Neuropsychological test

The Tower of London test is a test used in applied clinical neuropsychology for the assessment of executive functioning specifically to detect deficits in planning, which may occur due to a variety of medical and neuropsychiatric conditions. It is related to the classic problem-solving puzzle known as the Tower of Hanoi.

The test was developed by the psychologist Tim Shallice.

==Test==
The test consists of two boards with pegs and several beads with different colors. The examiner (usually a clinical psychologist or a neuropsychologist) presents the examinee with problem-solving tasks: one board shows the goal arrangement of beads, and the other board is given to the examinee with the beads in a different configuration. By moving beads from one peg to another, the examinee must alter the second board to match the first - a task that requires a degree of thinking ahead.

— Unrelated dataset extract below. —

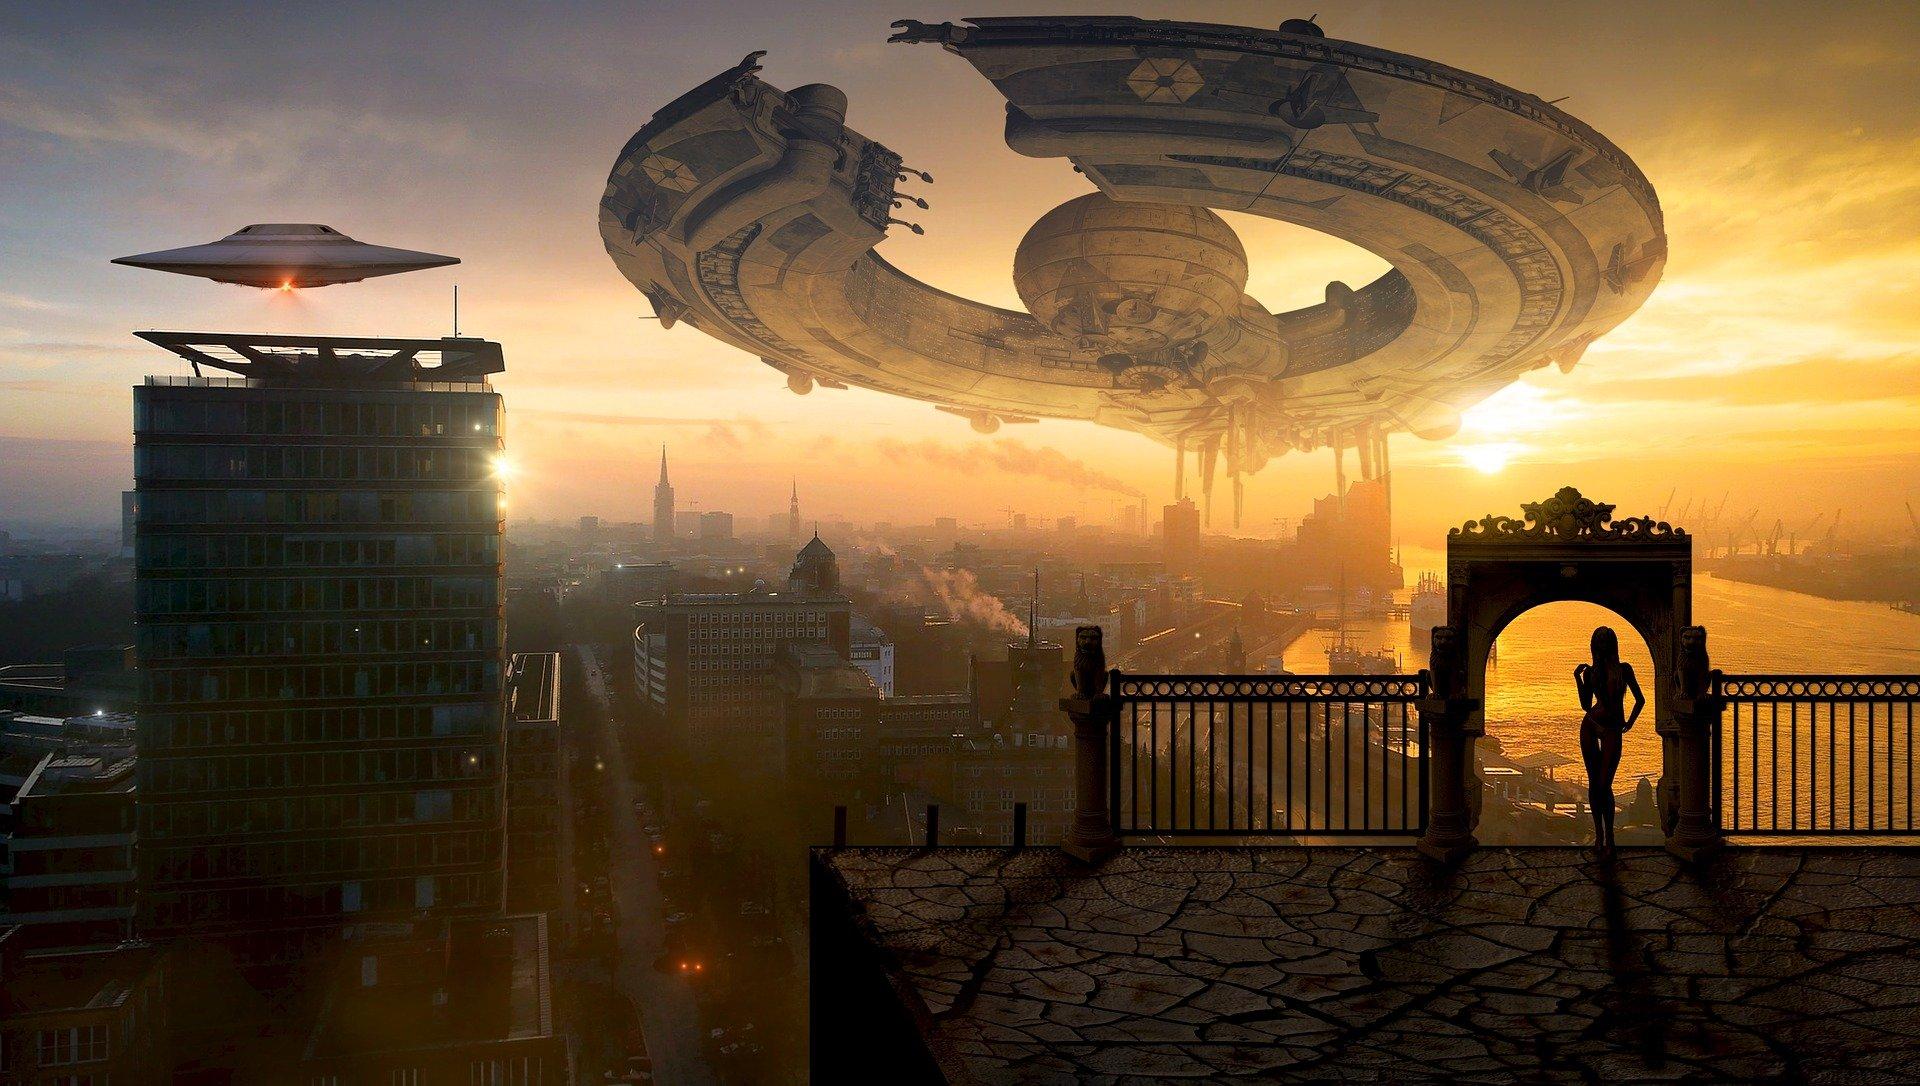 ¿Puede la realidad superar a la Ciencia ficción?

One common use of the test is for diagnosis of executive impairment. The performance of the examinee is compared to representative samples of individuals of the same age to derive hypotheses about the person's executive cognitive ability, especially as it may relate to brain damage. A certain degree of controversy surrounds the test's construct validity.

==Variants==
Several variants of the test exist. Shallice's original test used three beads and pegs with different heights, although later researchers have generalized this to more beads without a peg height restriction. Versions of the test are available from a number of sources, including a stand-alone test by William Culbertson and Eric Zillmer (published by Drexel University) and a child/adolescent version that is part of the original NEPSY neuropsychological battery of tests by Marit Korkman, Ursula Kirk, and Sally Kemp (although removed from the second edition). A computerised variant, known as the Stockings of Cambridge test, is available as part of the Cambridge Neuropsychological Test Automated Battery (CANTAB).